Metadata in Spatial Data Management
What is Metadata?
Metadata, commonly defined as "data about data" or "information about data", is a structured set of information which describes data (including both digital and non-digital datasets) stored in administrative systems. Metadata may provide a short summary about the content, purpose, quality, location of the data as well as information related to its creation.
What are Metadata Standards?
Metadata standards provide data producers with the format and content for properly describing their data, allowing users to evaluate the usefulness of the data in addressing their specific needs.
The standards provide a documented, common set of terms and definitions that are presented in a structured format.
Why do we need Standardised Metadata?
Standardised metadata support users in effectively and efficiently accessing data by using a common set of terminology and metadata elements that allow for a quick means of data discovery and retrieval from metadata clearinghouses. The metadata based on standards ensure information consistency and quality and avoid that important parts of data knowledge are lost.
Geographic Information Metadata Standard
Geographic data, which can be defined as any data with a geographic component, is often produced by one individual or organisation, and may address the needs of various users, including information system analysts, programme planners, developers of geographic information or policy makers. Proper standard documentation on geographic data enable different users to better evaluate the appropriateness of data to be used for data production, storage, update.

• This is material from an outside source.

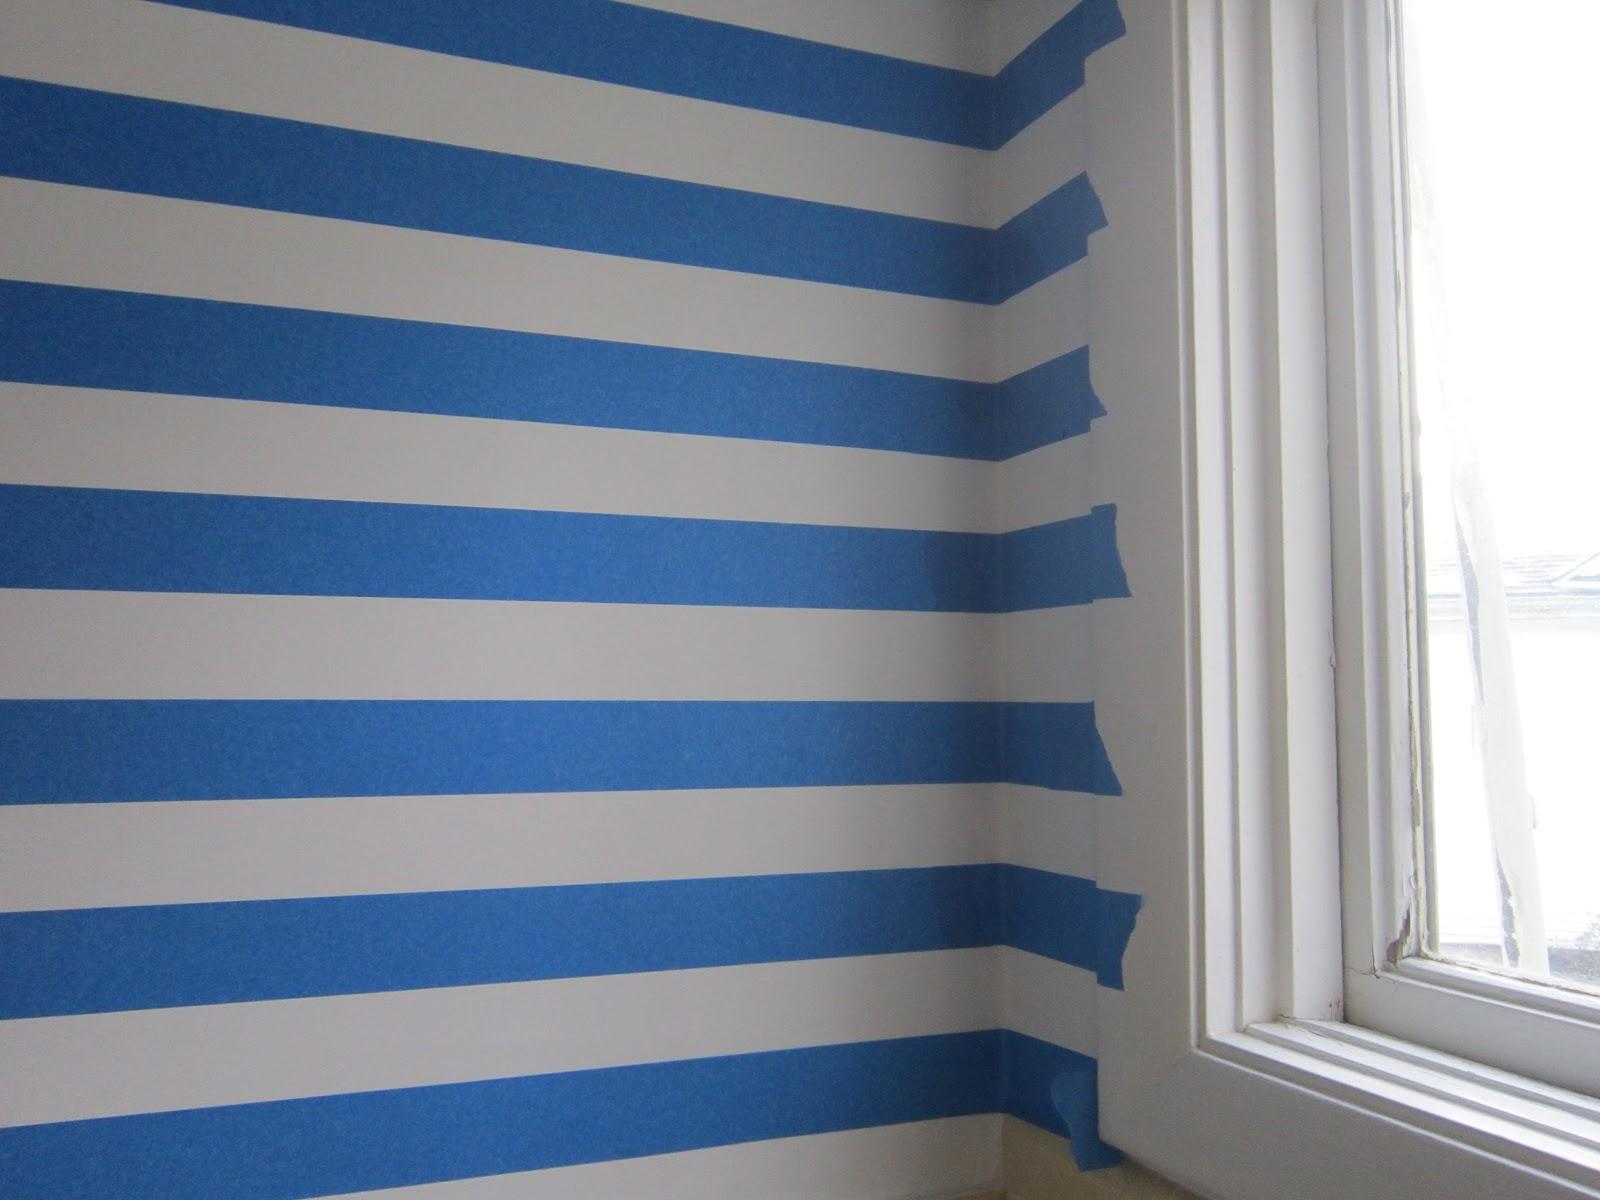 design megillah painting perfect stripes. Black Bedroom Furniture Sets. Home Design Ideas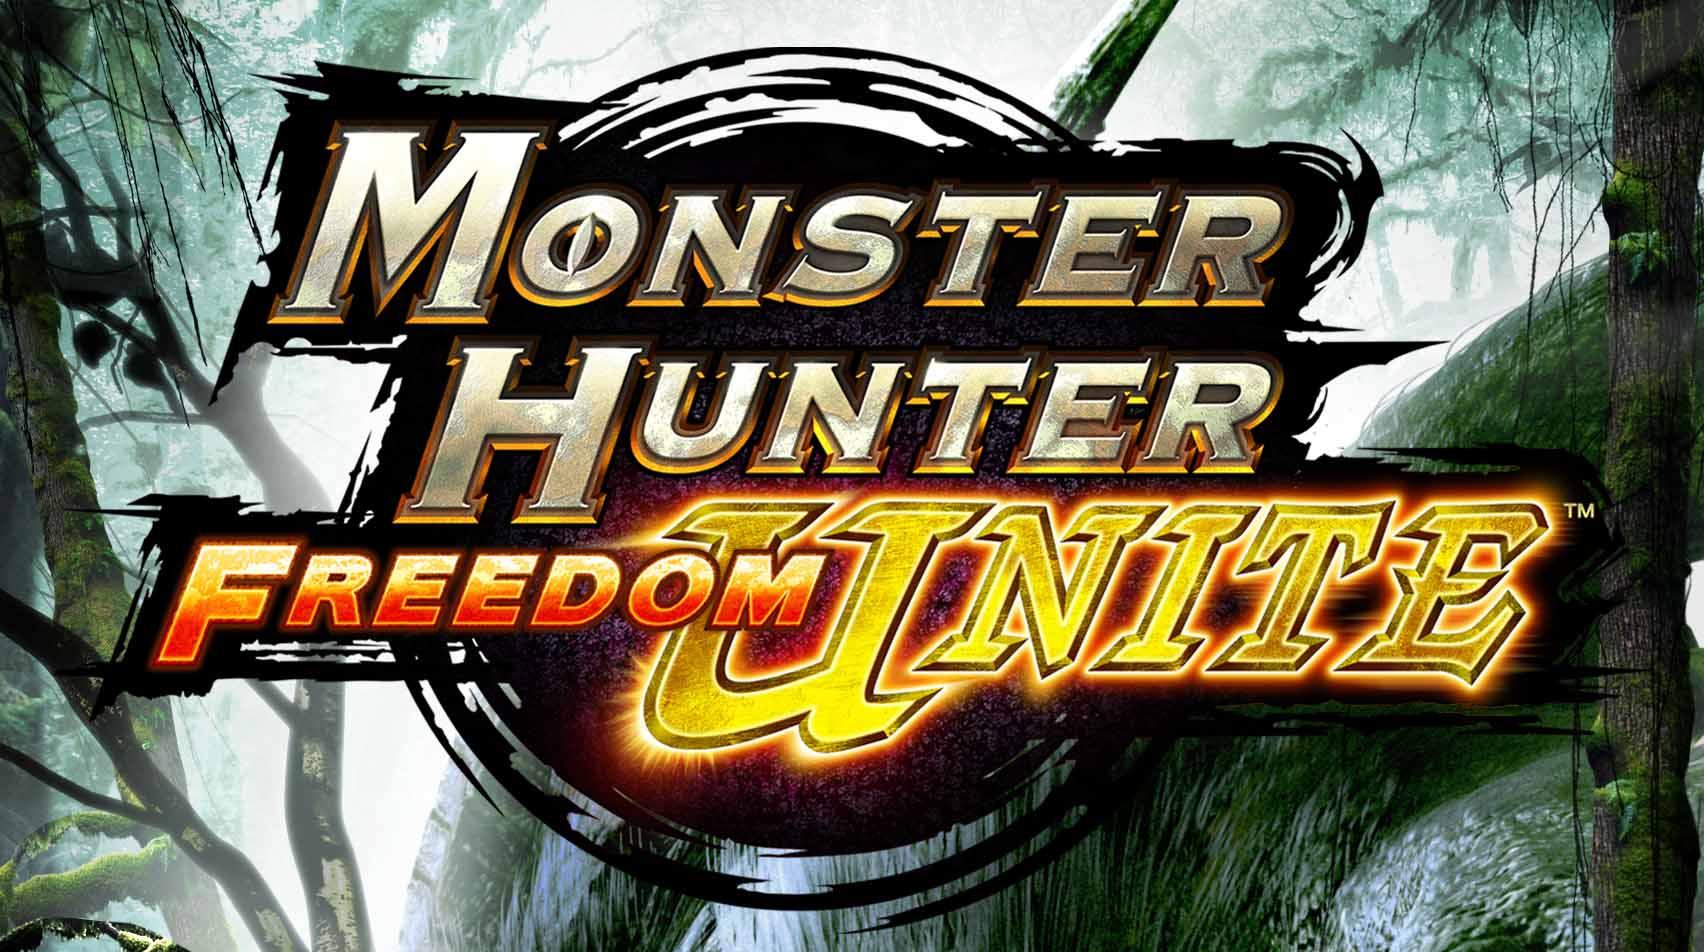 Monster Hunter Freedom Unite suddenly drops onto the App Store

The metadata standards supported by GeoNetwork opensource are the ISO 19115:2003 -approved by the international community in April 2003 as a tool to define metadata in the field of geographic information - and the FGDC - the metadata standard adopted in the United States by the Federal Geographic Data Committee. In addition, GeoNetwork opensource supports also the international standard Dublin Core for the description of general documents.
This ISO Standard precisely defines how geographic information and related services should be described, providing mandatory and conditional metadata sections, metadata entities and metadata elements. This standard applies to data series, independent datasets, individual geographic features and feature properties. Despite ISO 19115:2003 was designed for digital data, its principles can be extended to many other forms of geographic data such as maps, charts, and textual documents as well as non-geographic data.
The underlying format of an ISO19115:2003 compliant metadata is XML. GeoNetwork uses the ISO Technical Specification 19139 Geographic information - Metadata -XML schema implementation for the encoding of this XML.
Metadata profiles
A metadata profile is an adaptation of a metadata standard to suit the needs of a community. For example, the ANZLIC profile is an adaptation of the ISO19115/19139 metadata standard for Australian and New Zealand communities. A metadata profile could be implemented as:
- a specific metadata template that restricts the fields/elements a user can see with a set of validation rules to check compliance
- all of the above plus new fields/elements to capture concepts that aren't in the basic metadata standard
Building a metadata profile is described in the Schema Plugins section of the GeoNetwork Developers Manual. Using this guide and the GeoNetwork schema plugin capability, a profile can be built by an experienced XML/XSL software engineer.
Transition between metadata standards
With the ISO19115:2003 Metadata standard for Geographic Information now being the preferred common standard, many have a need to migrate legacy metadata into the new standard.
GeoNetwork provides import (and export) functionality and has a number of transformers in place. It is an easy process for a system administrator to install custom transformers based on XSLT.